Нам было не до уборки. Мы обсуждали предстоящий выход в лагерь. Уже было известно, что нас отправят из Соловков в Норильск, на строительство металлургического завода. Жизнь делала очередной крутой поворот. На этот раз это был поворот к лучшему. Кончилась кампания истребления, где-то наверху наконец схватились за голову. Да, теперь становилось ясно, что подведена черта не только под Ежовым, но и под ежовщиной, ветерок воли пахнул нам в лицо. Шло лето тридцать девятого года.

Во время нашего восторженного разговора загремели засовы. В камеру вошли начальник тюрьмы Скачков, человек с аскетическим лицом и горящими глазами, его помощник майор – толстячок Владимиров, корпусной надзиратель и коридорный «попка». Капитан госбезопасности Скачков в прошлом командовал на Лубянке.

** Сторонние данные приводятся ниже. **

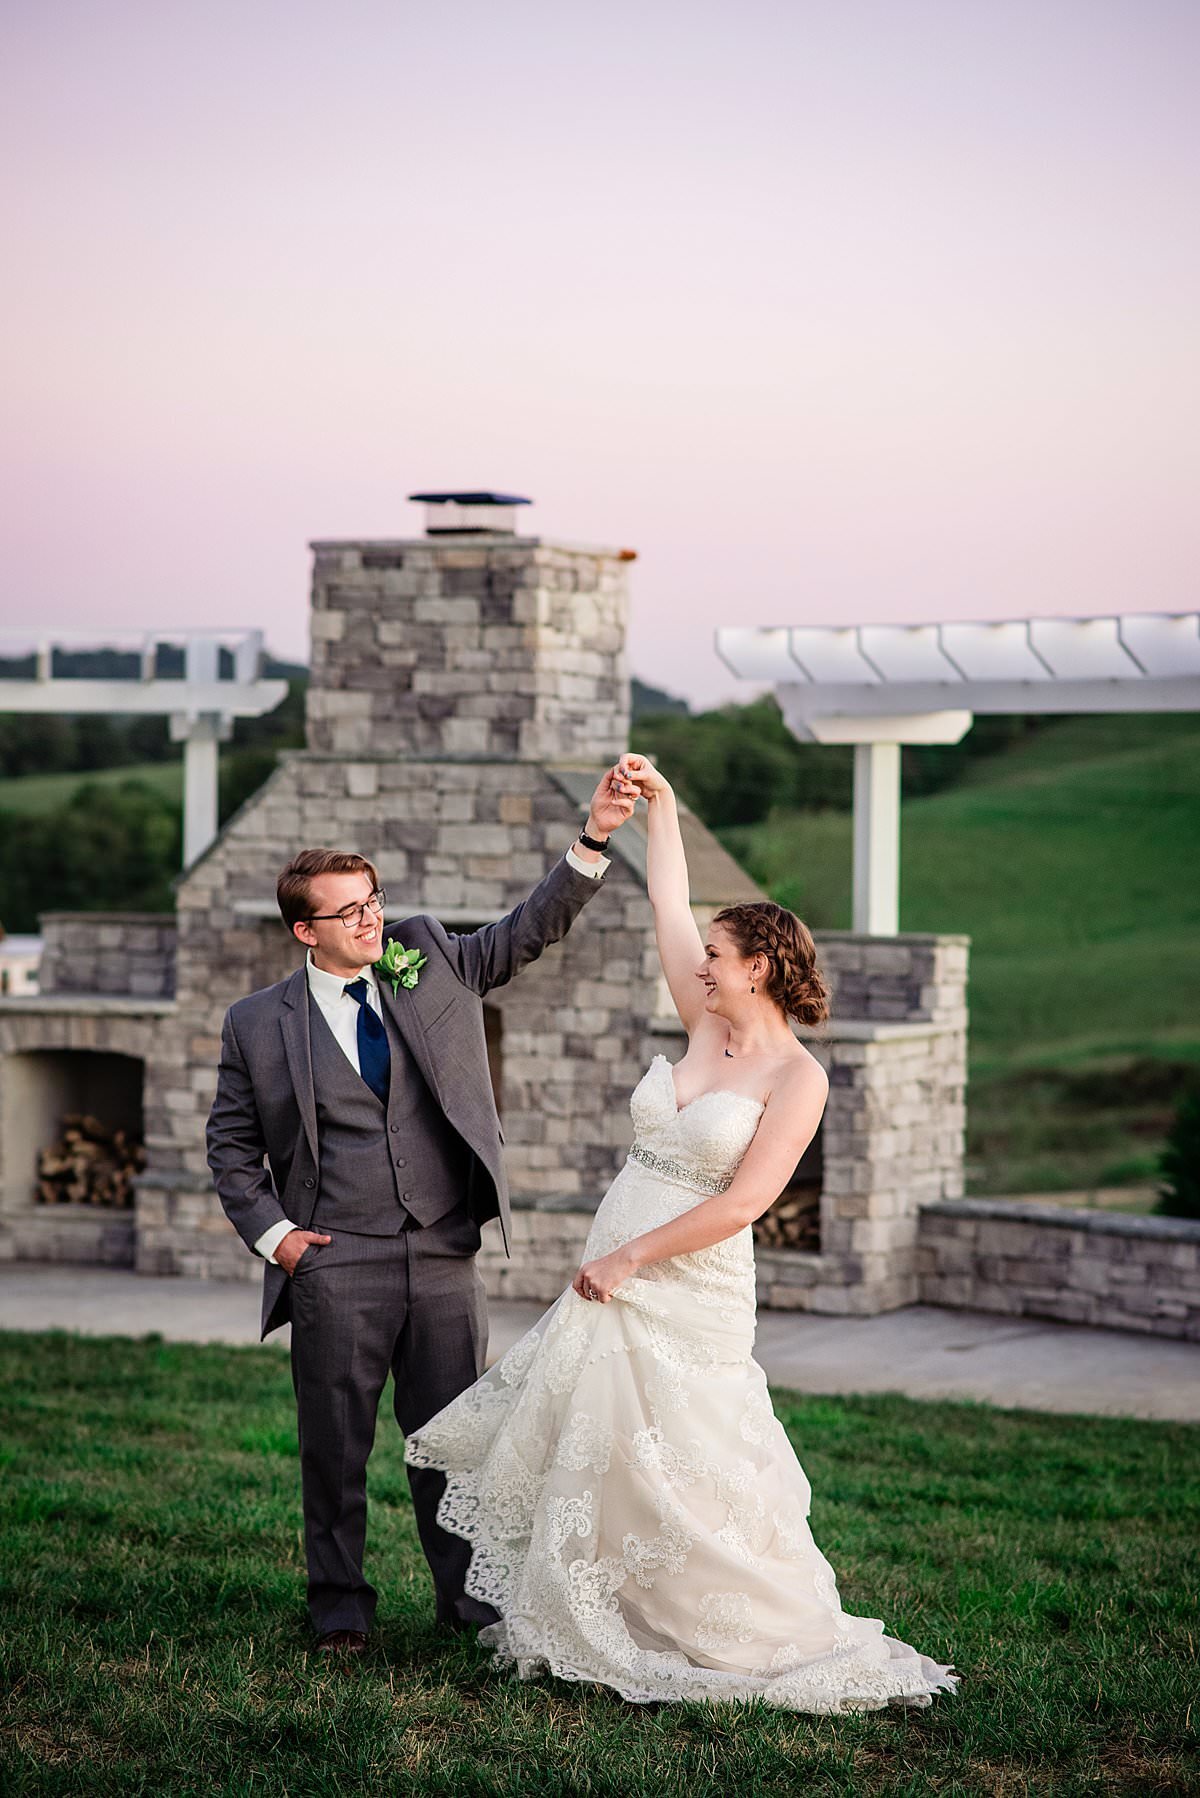 Groom holding his wife's hand as she twirls in her wedding dress in front of the outdoor stone fireplace at White Dove Barn during sunset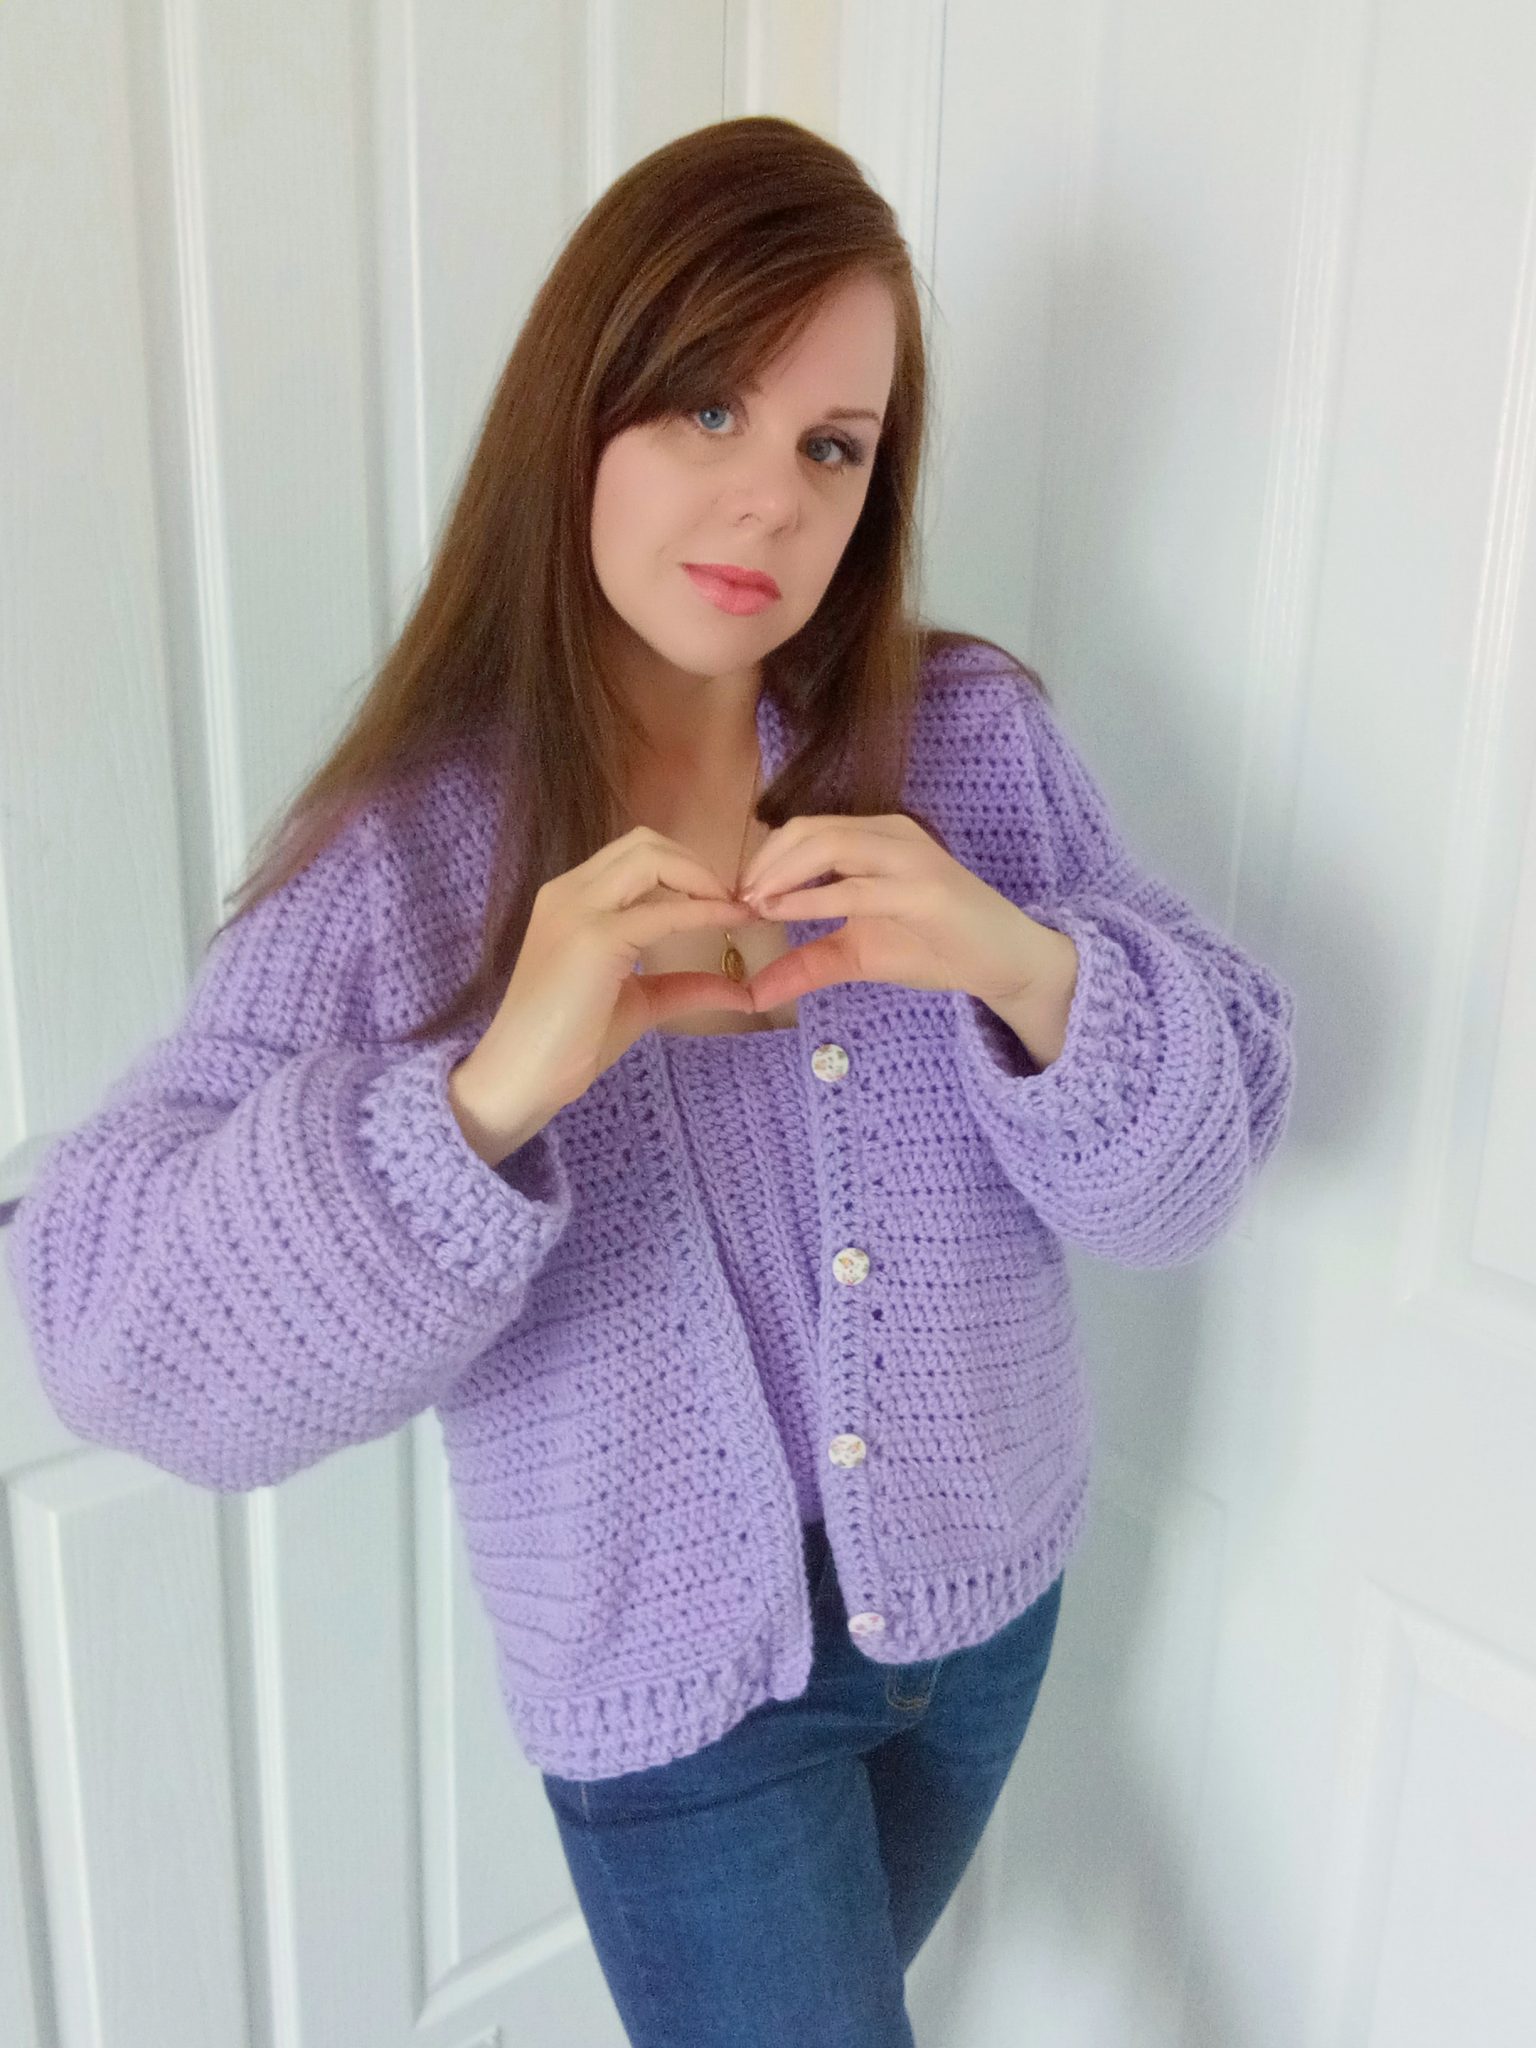 Crochet The Sweet Lilac Cardigan by Selina Veronique

К нам на Соловки его послали за какое-то прегрешение, ходили слухи, что к нему уже «подбирают ключи» Умный, желчный, жестокий, он пока был еще всевластен на острове. Охрана бегом кидалась исполнять любой его приказ. Мы боялись и смотреть на него.

– Вот как – посиделочки устроили? – недобро поинтересовался он. – И не скучно? А не передавали вам, что эта камера нужна мне к вечеру? Может, все-таки утрудите себя небольшой работенкой?

Мы схватились за тряпки и веник. Журбенда засуетился, покрикивая на нас:

– Товарищи, поживее, что же это такое? Разве вы не слышали – эта камера для гражданина начальника нужна! Мы же должны сделать все, чтоб гражданину начальнику было в ней удобно!

Скачков гневно повернулся к Журбенде. У того на лице была такая угодливость, такое горячее стремление услужить начальству, что даже скорый на расправу Скачков не нашел, что сказать. Он выругался и направился к двери. Снова загремели засовы. У Журбенды сияли лукавые глаза, золотистые, как его веснушки.

В ожидании парохода, который должен был отвезти нас в Норильск, тюремное начальство решило использовать нас на местных работах. Нас вывели на строительство аэродрома.

В нашем корпусе уже на рассвете загрохотали замки и засовы, заскрипели двери, затопали ноги по деревянным полам и лестницам. Это был хороший дом, бывшая гостиница для богомольцев. Комнаты в нем были как комнаты, не угрюмые кельи со сводчатыми потолками, как в других зданиях монастыря. Мы потом не раз поминали добрым словом этот тюремный корпус, где пришлось выхлебать не одну миску горя. На нем, кстати, была воодушевляющая надпись: «Придите ко мне все страждущие и я упокою вас».